# Far Cry 5 - Mission Jähzorn



## Hitchell2377 (20. Mai 2018)

*Far Cry 5 - Mission Jähzorn*

Habe ein selbstgemachtes  Problem: John in der Luft zu bekämpfen, war mir zu umständlich. Also wollte ich ihn mit dem LMG vom Boden aus abschießen und bin mit dem Gleitschirm abgesprungen. Hat nicht geklappt, jetzt sitze ich am Boden fest und bekomme die Meldung, daß ich mir irgendwo, wo es Flugzeuge gibt, eins besorgen und John abschießen soll. Bei Nick´s Aviation steht kein Flugzeug und ich weiß nicht, wo ich eins herbekomme. Am liebsten würde ich die ganze Mission abbrechen, aber das geht auch nicht. Das Menü läßt es nicht zu, und wenn ich mich freiwillig abschießen lasse, tauche ich am Boden auf dem Flugplatz wieder auf.

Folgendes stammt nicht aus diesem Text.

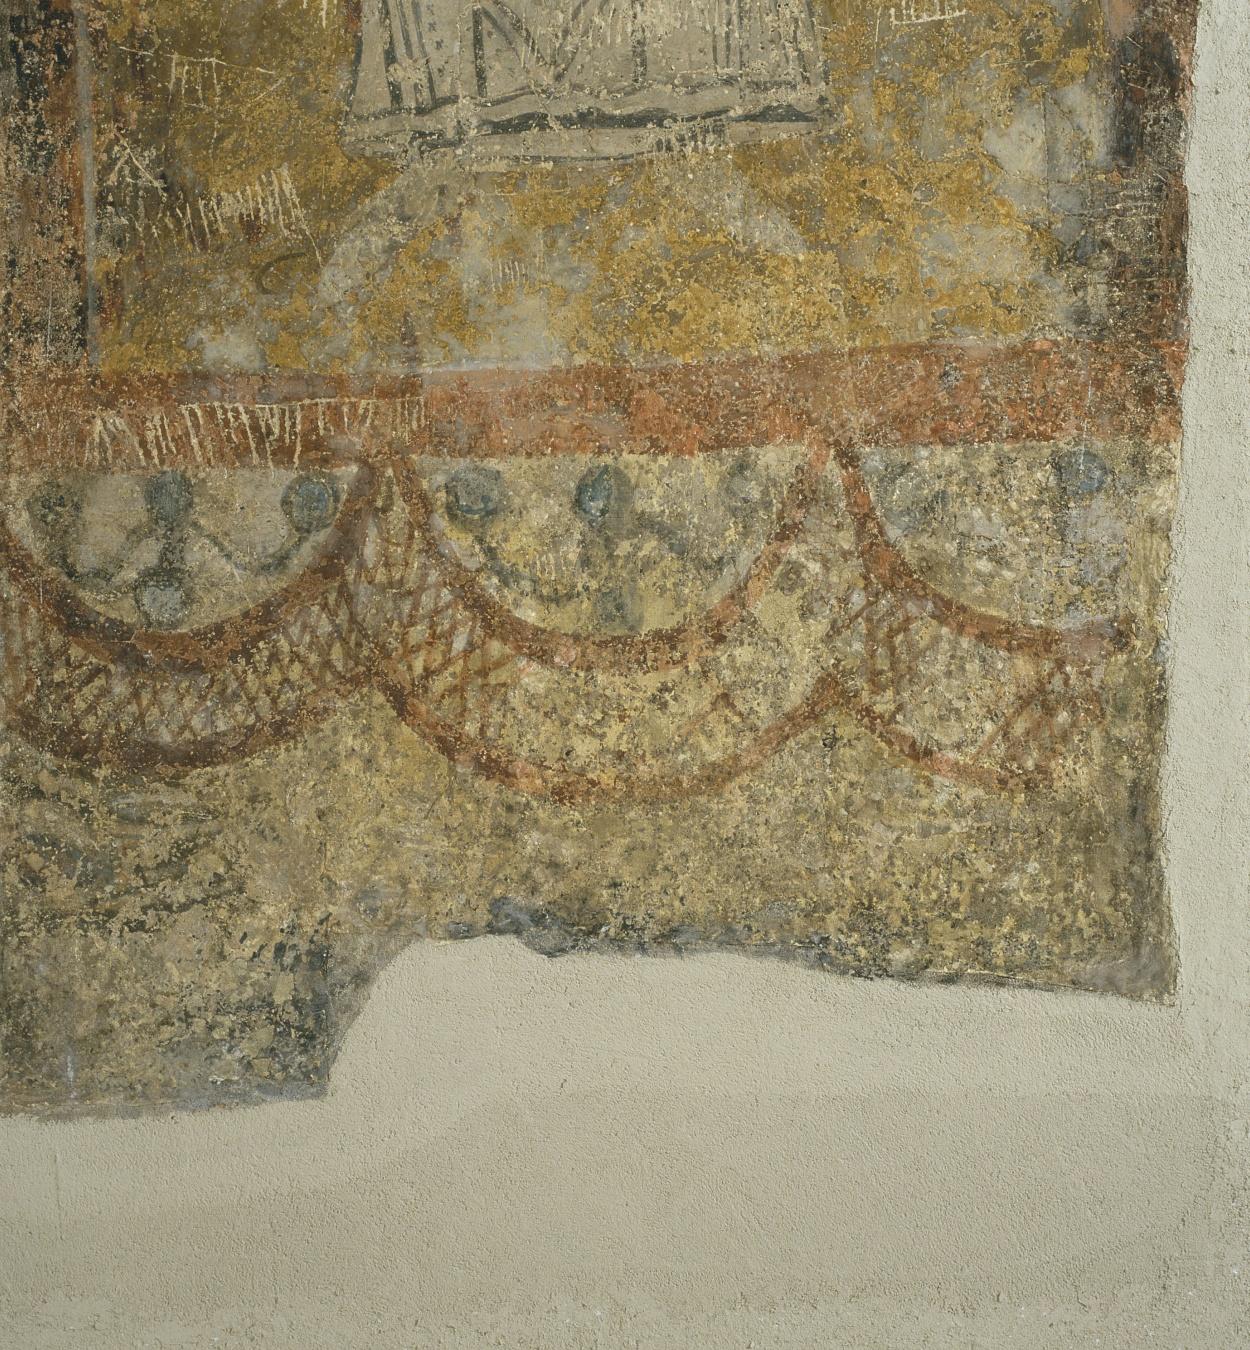 Tercer Mestre de Sorpe - Sant Feliu i el símbol zodiacal de Gèminis de Sorpe - Mitjan segle XII [1]

Meine Fragen: Kann ich diese Mission irgendwie abbrechen? Wo kriege ich ein kampffähiges Fluzeug her? Kann ich bei der PC-Version irgendwo alte Spielstände laden? Danke im Voraus!


----------



## MichaelG (20. Mai 2018)

John abschießen ist ja nun wirklich eine absolut simple Sache. Sehe darin echt keine Probleme. Geh doch einfach zu einem der Standpunkte auf der Map wo ein Flugzeug eingezeichnet ist und hole dort am Schalter ein Flugzeug ab oder kaufe eines.


----------